§ Provided data:
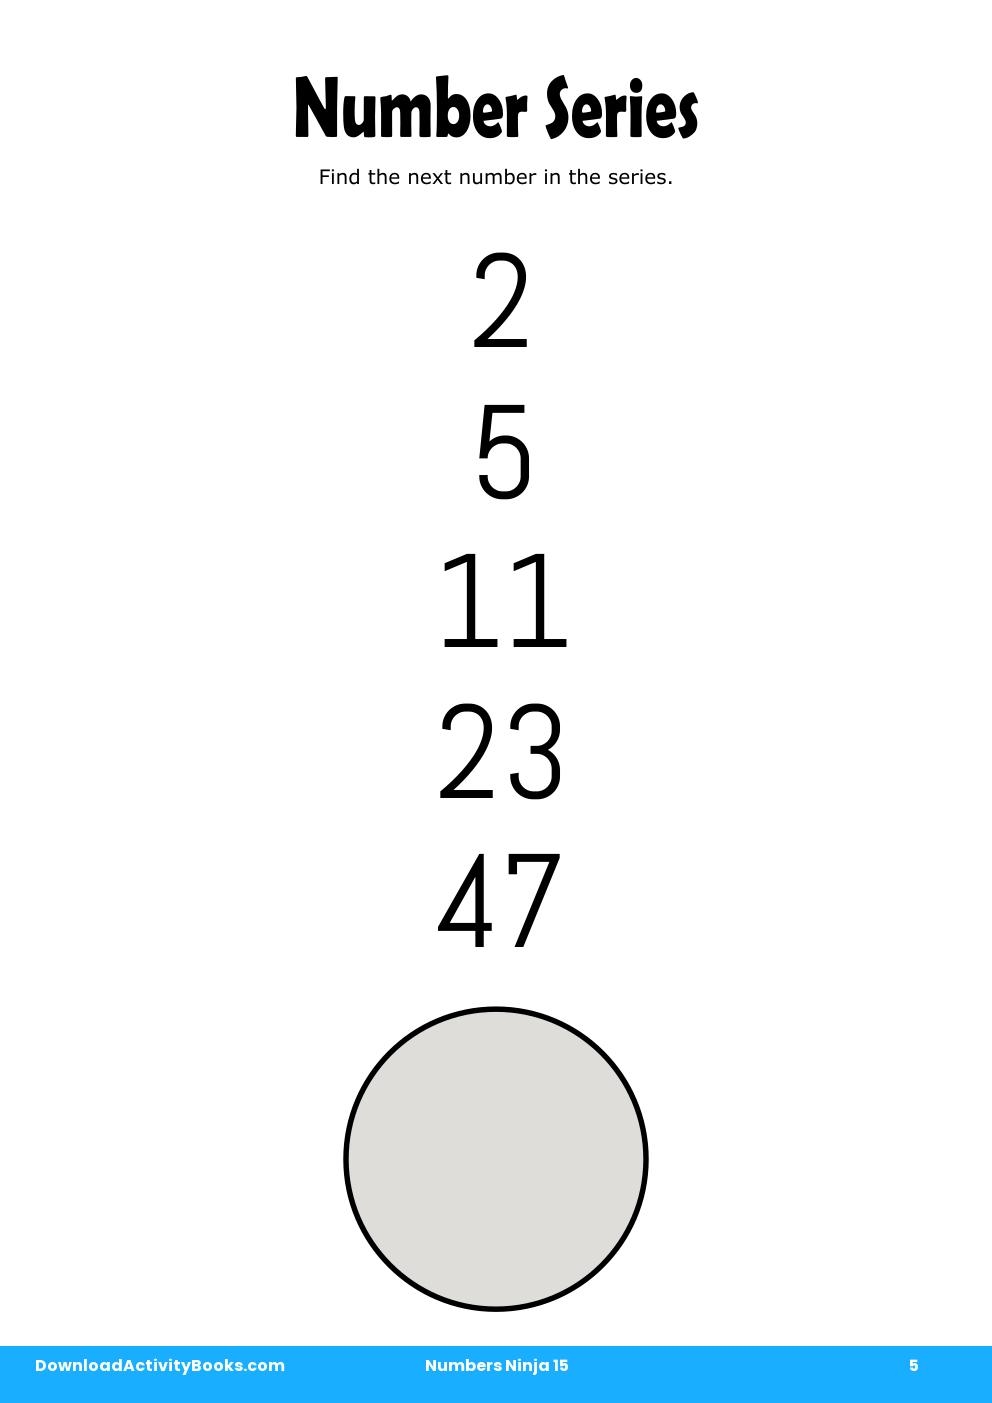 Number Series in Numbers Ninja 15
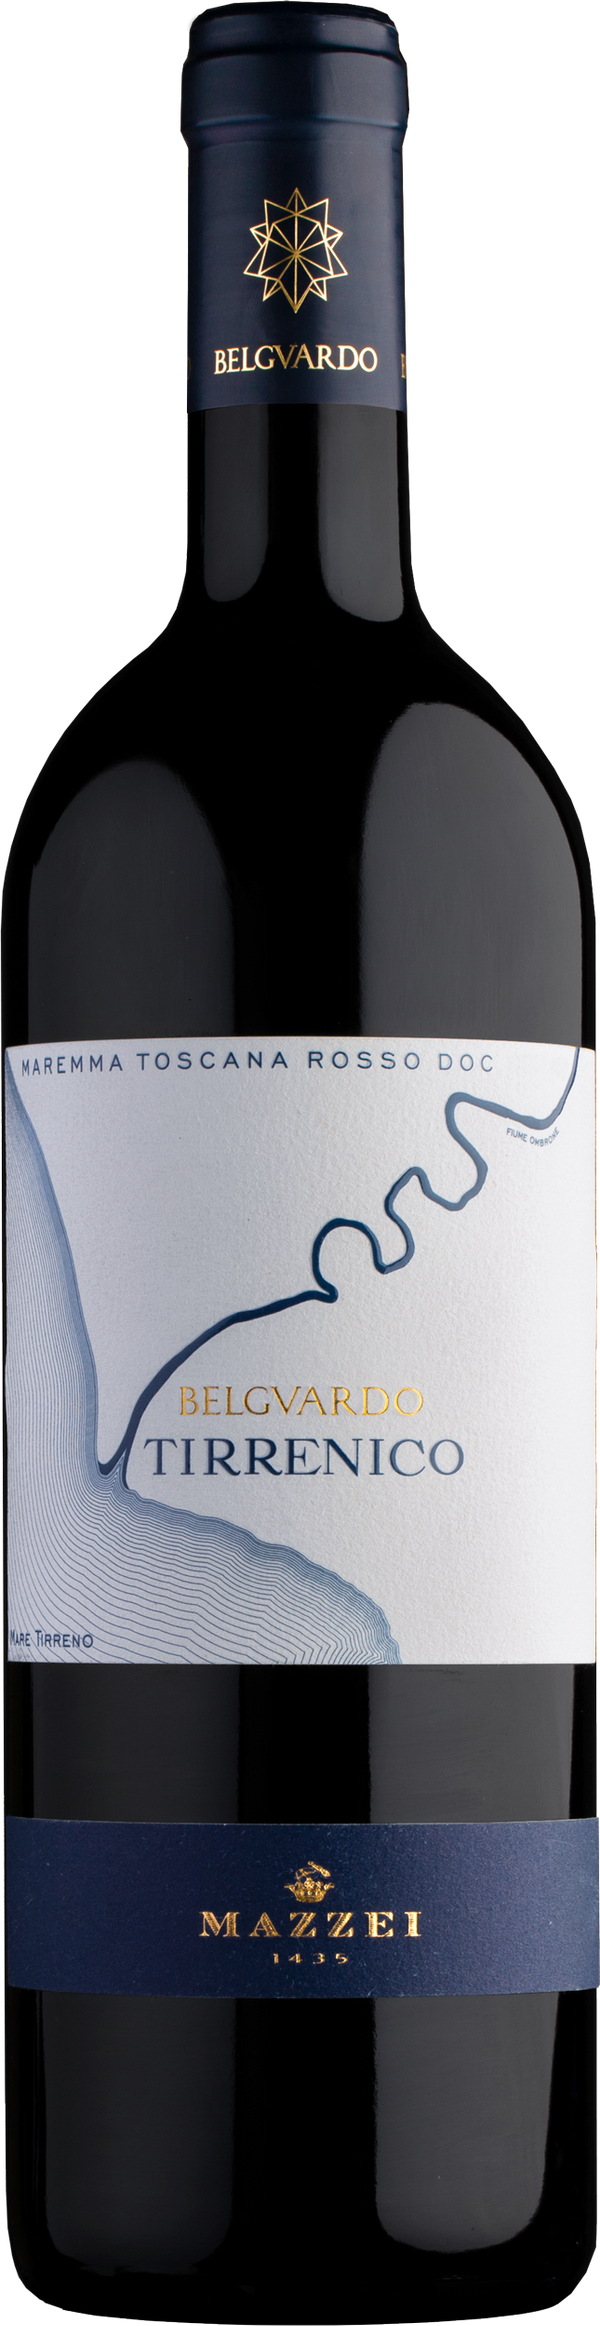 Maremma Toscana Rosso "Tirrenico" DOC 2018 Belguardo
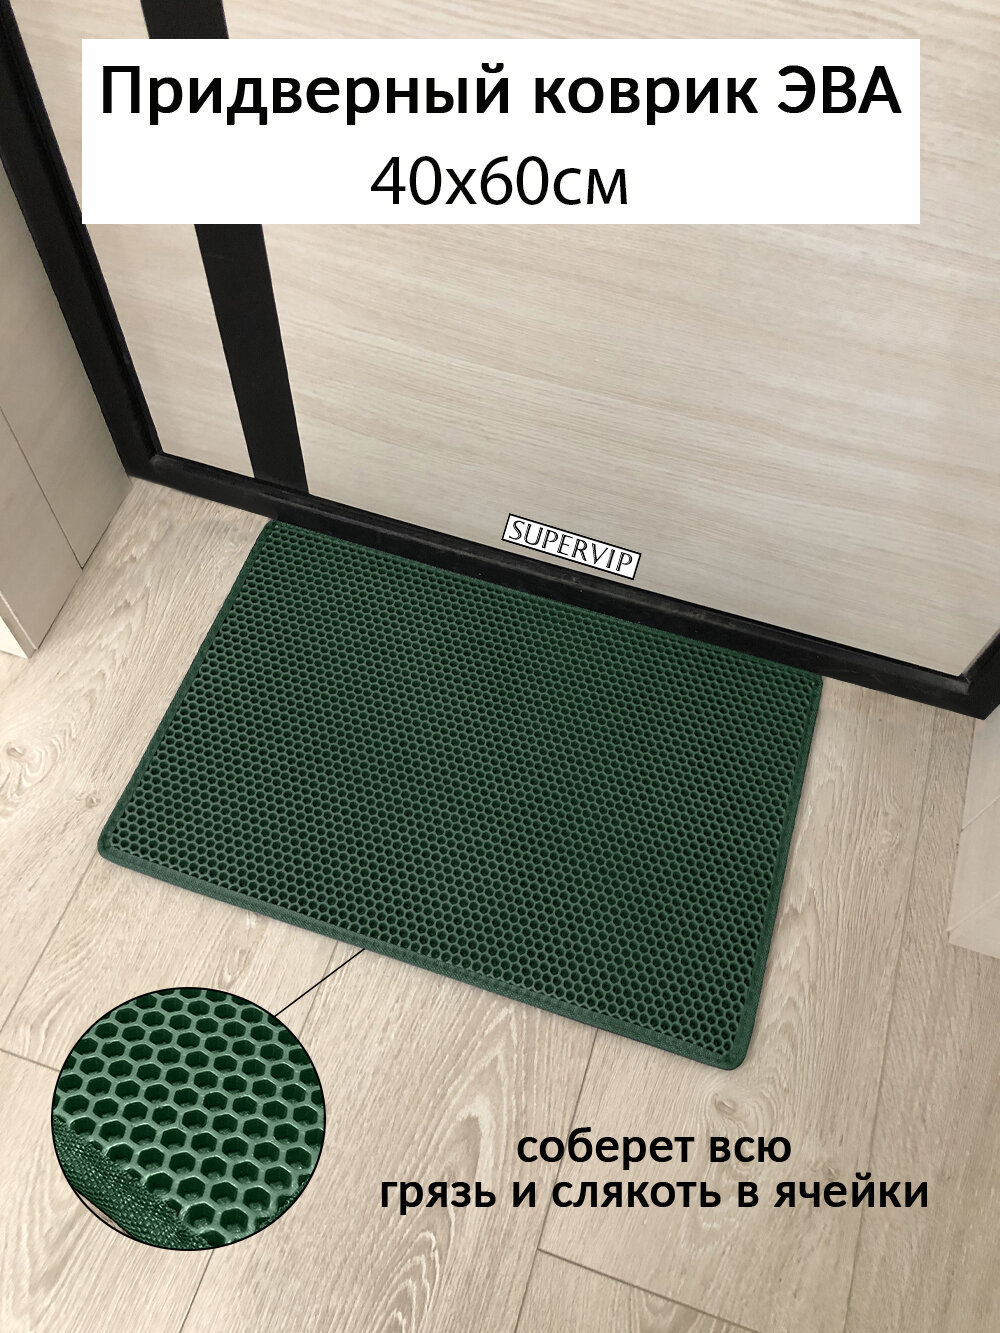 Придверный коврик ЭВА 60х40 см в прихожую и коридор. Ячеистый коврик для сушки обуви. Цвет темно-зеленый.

§ How to complete this task:
In repeating the lines above, keep the wording exact and leave every picture out.

§ Task response:
 Number Series in Numbers Ninja 15
 Maremma Toscana Rosso "Tirrenico" DOC 2018 Belguardo
 Придверный коврик ЭВА 60х40 см в прихожую и коридор. Ячеистый коврик для сушки обуви. Цвет темно-зеленый.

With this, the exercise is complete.